__DATASET SECTION__:
------------------------------------------------

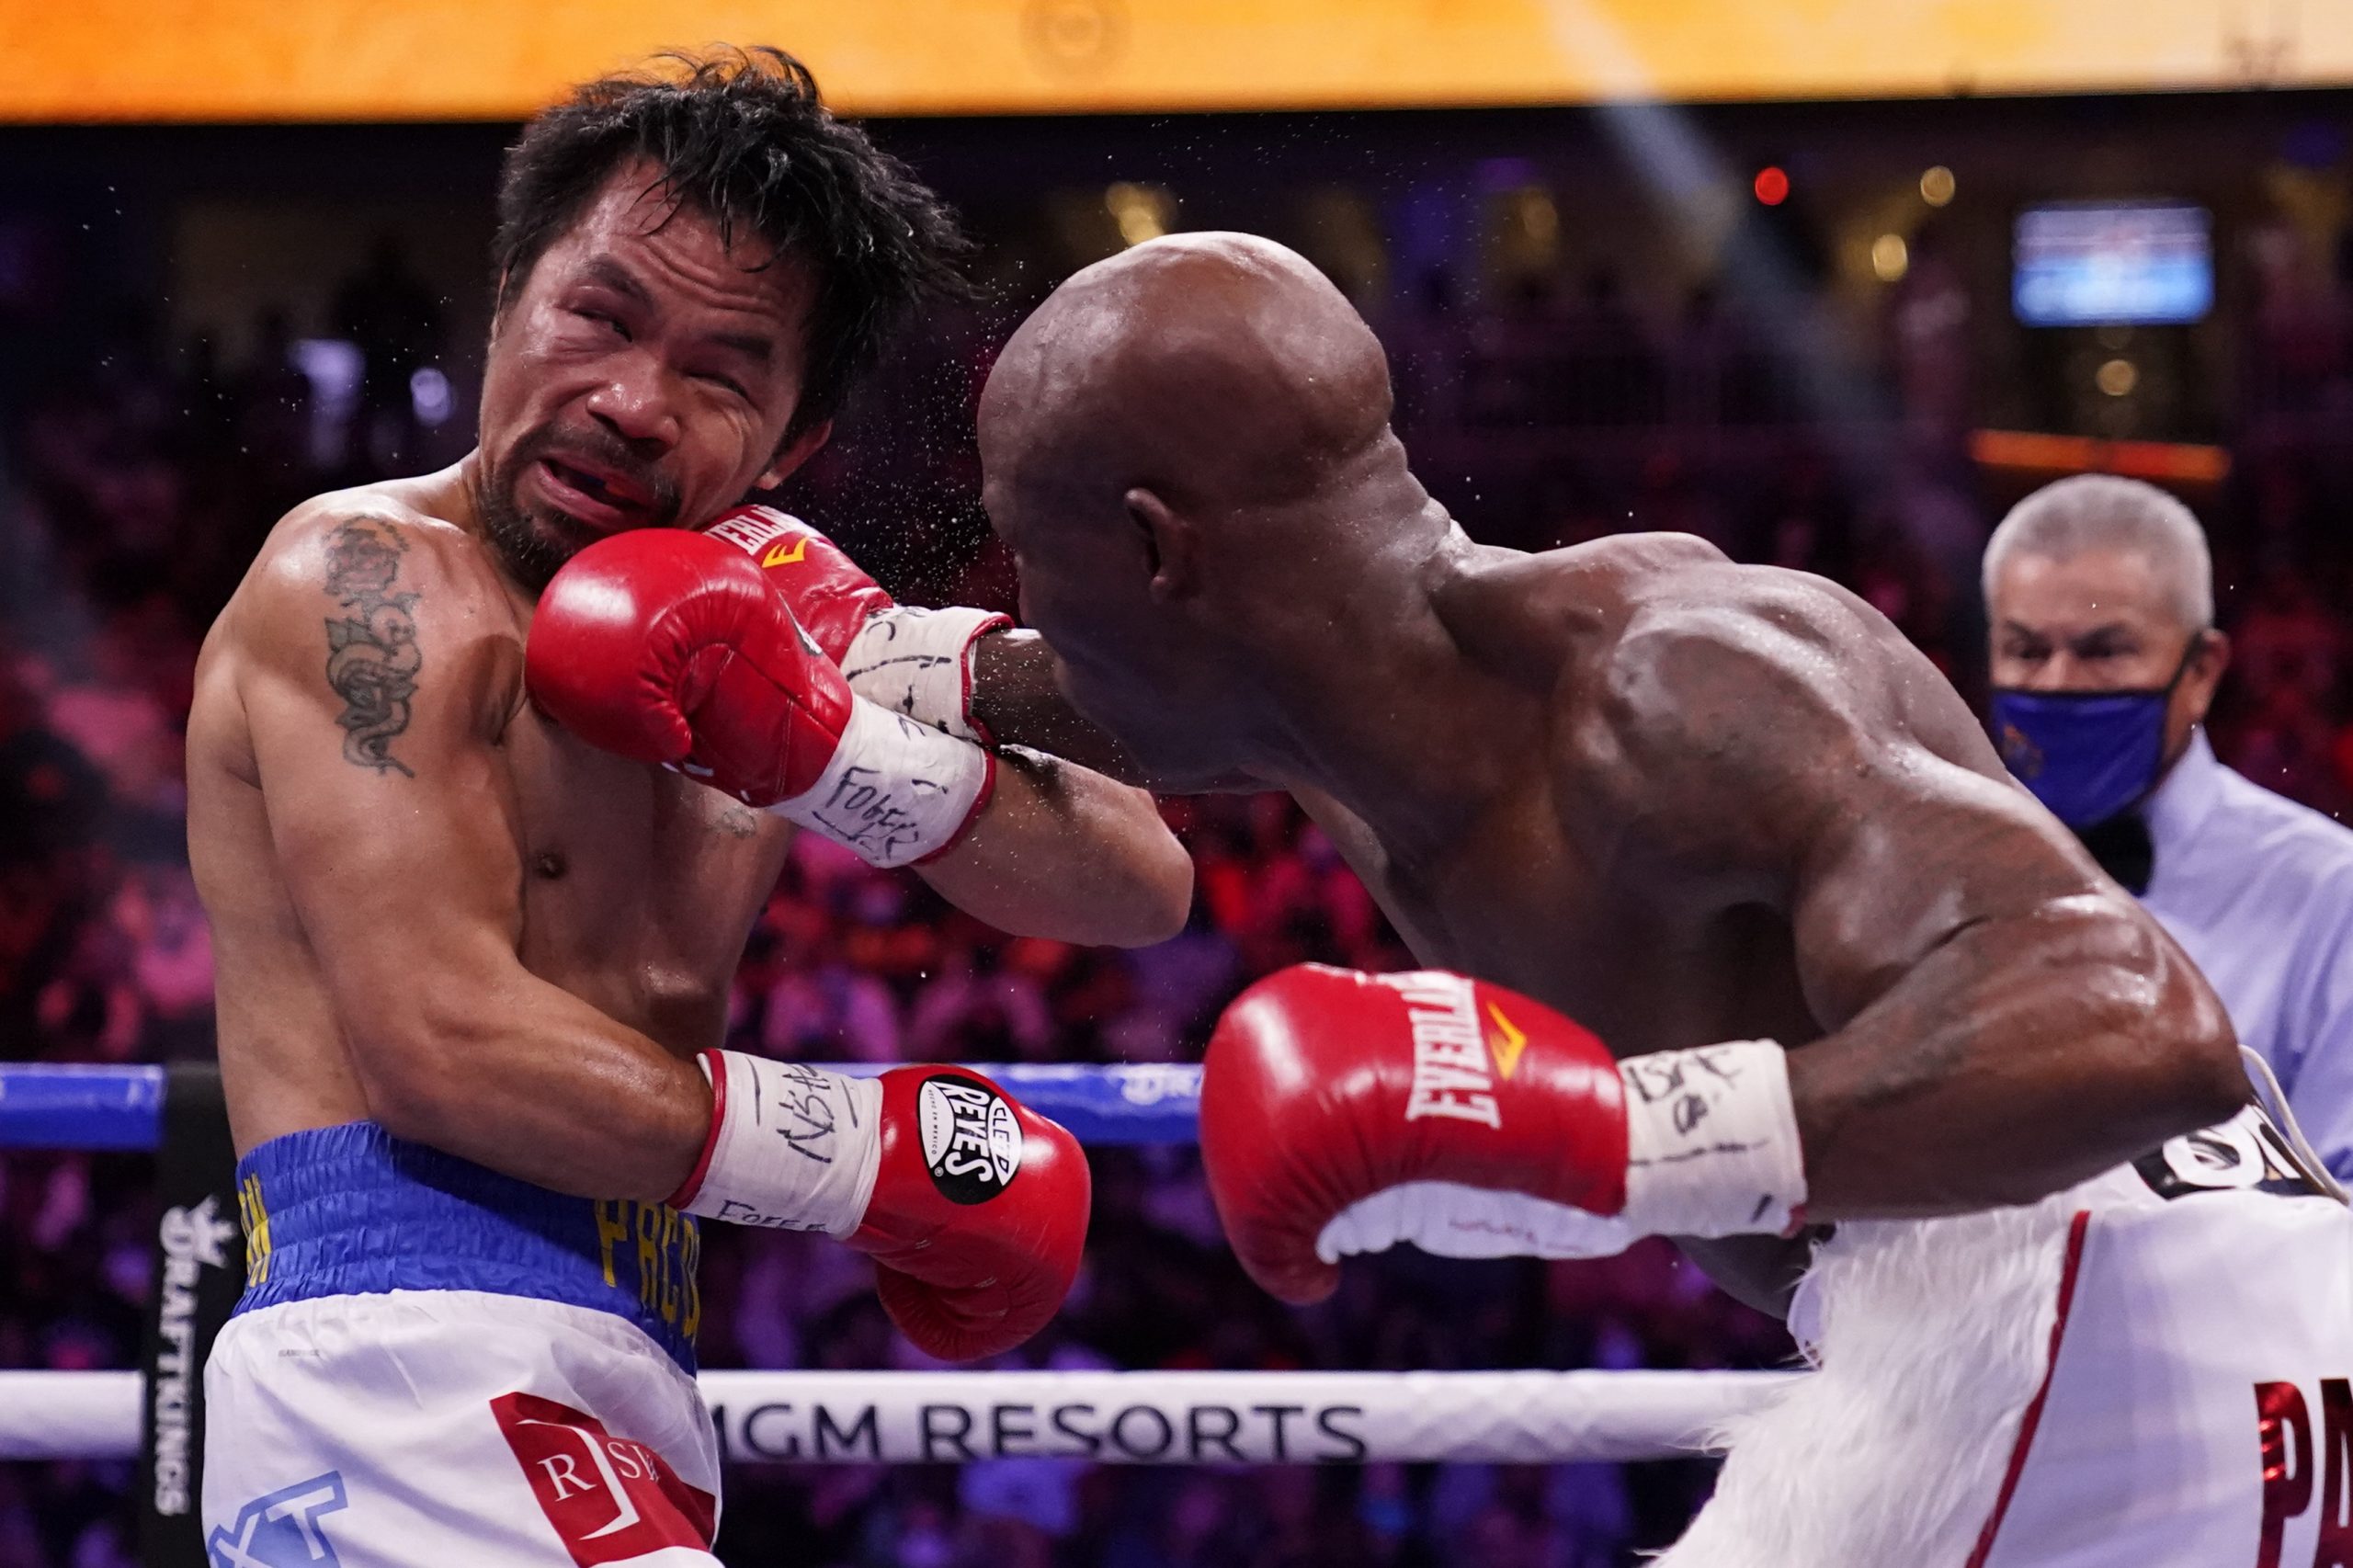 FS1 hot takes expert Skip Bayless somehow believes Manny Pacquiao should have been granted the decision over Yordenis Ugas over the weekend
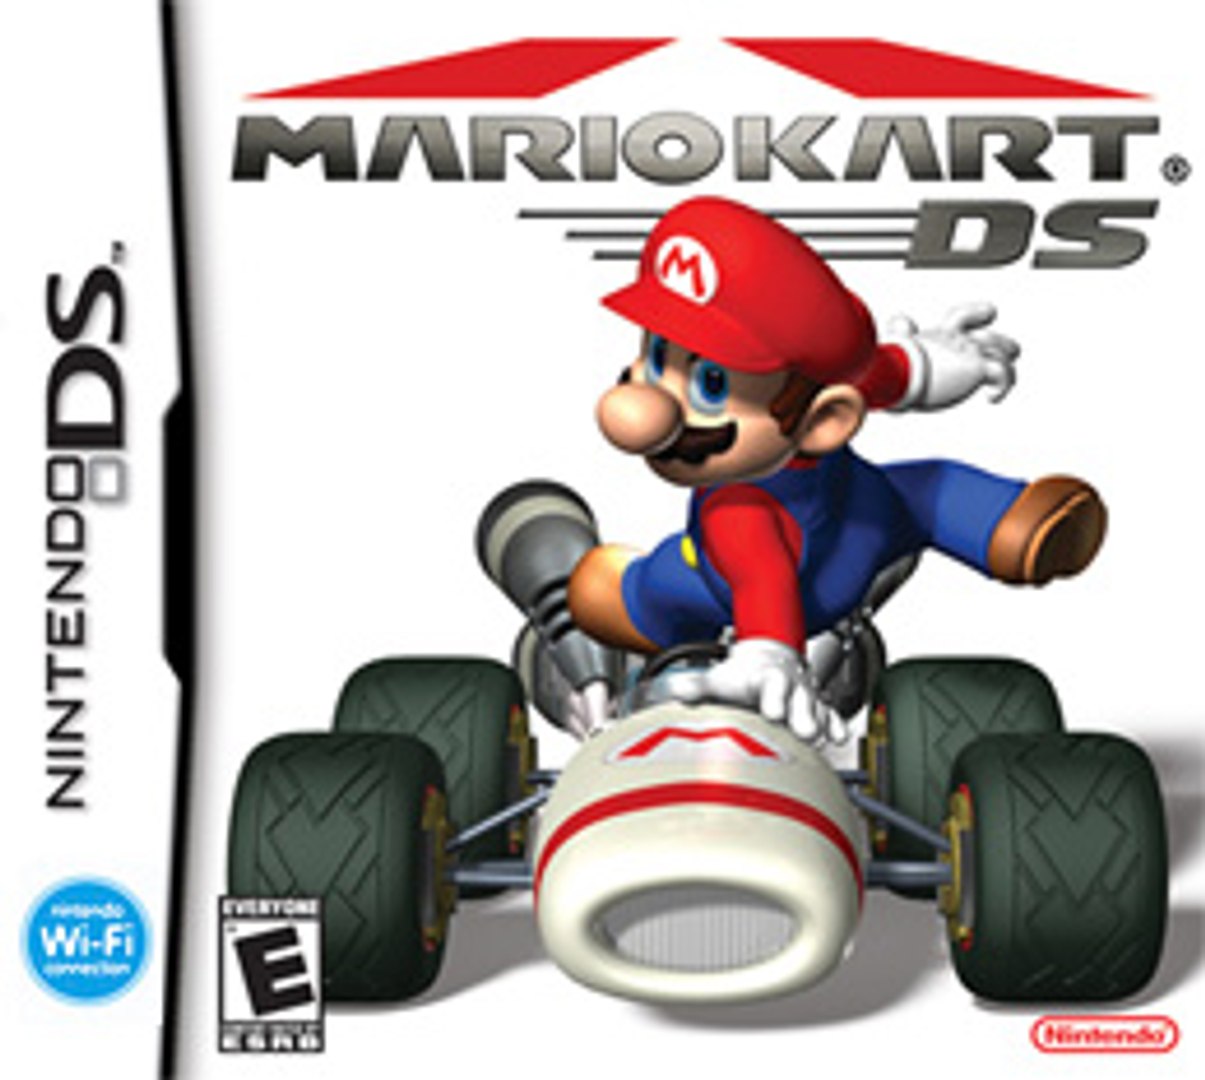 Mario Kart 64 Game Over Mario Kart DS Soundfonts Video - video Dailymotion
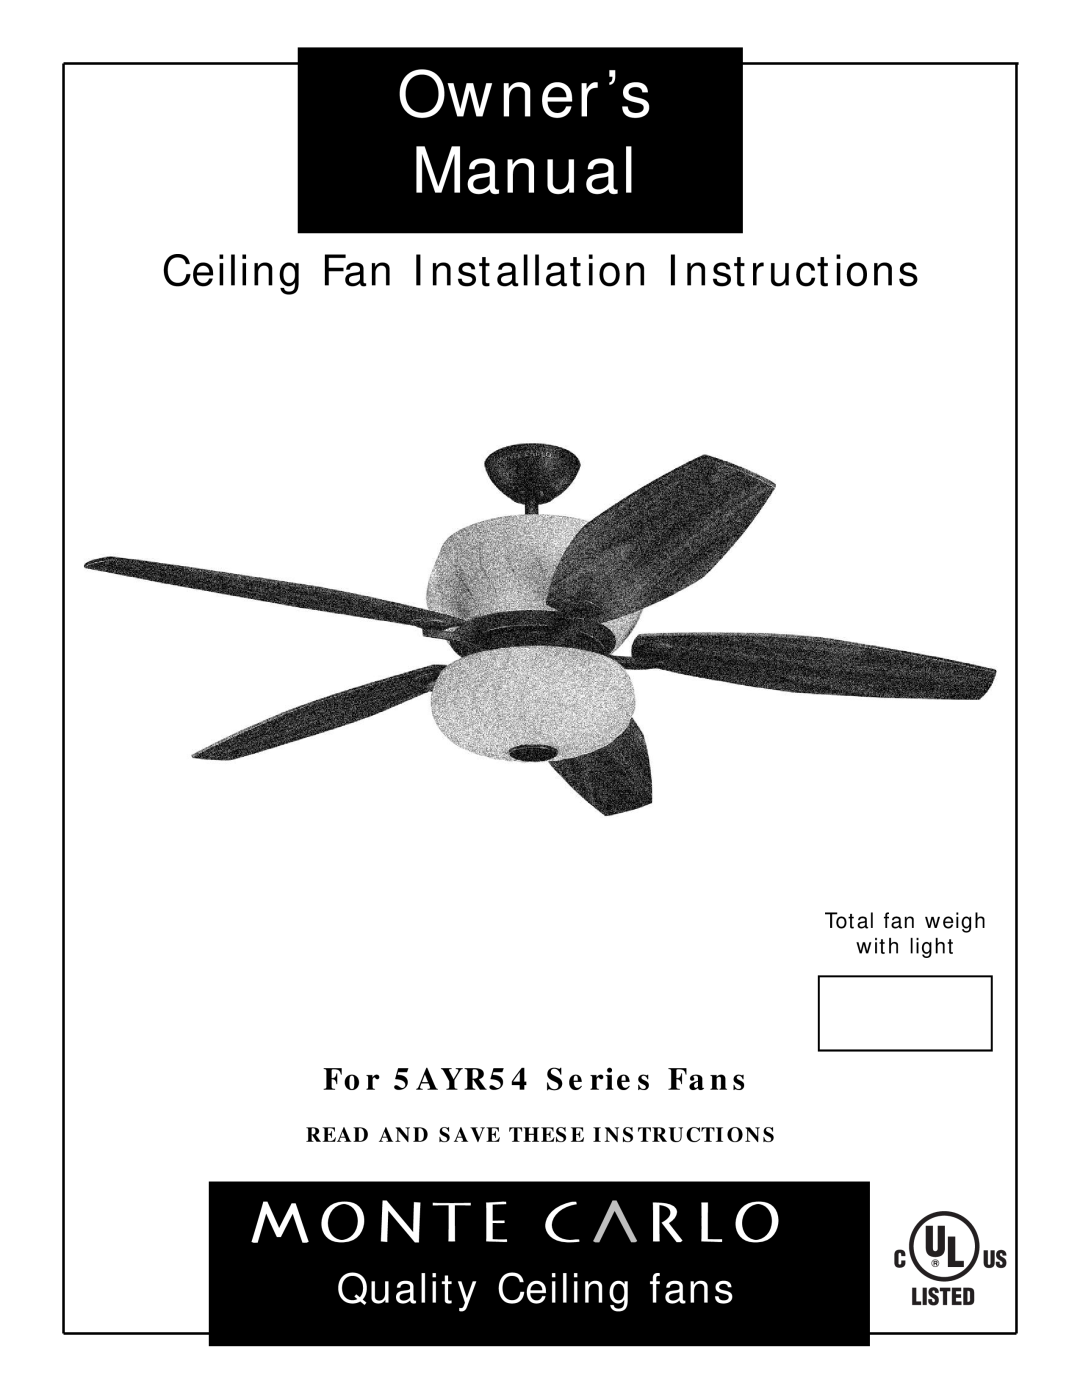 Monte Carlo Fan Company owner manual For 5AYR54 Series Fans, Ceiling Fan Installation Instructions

------------------------------------------------

__EXERCISE__: Retype all of the listing above exactly, but keep its pictures out.

__WRITTEN RESPONSE__:
 FS1 hot takes expert Skip Bayless somehow believes Manny Pacquiao should have been granted the decision over Yordenis Ugas over the weekend
 Mario Kart 64 Game Over Mario Kart DS Soundfonts Video - video Dailymotion
 Monte Carlo Fan Company owner manual For 5AYR54 Series Fans, Ceiling Fan Installation Instructions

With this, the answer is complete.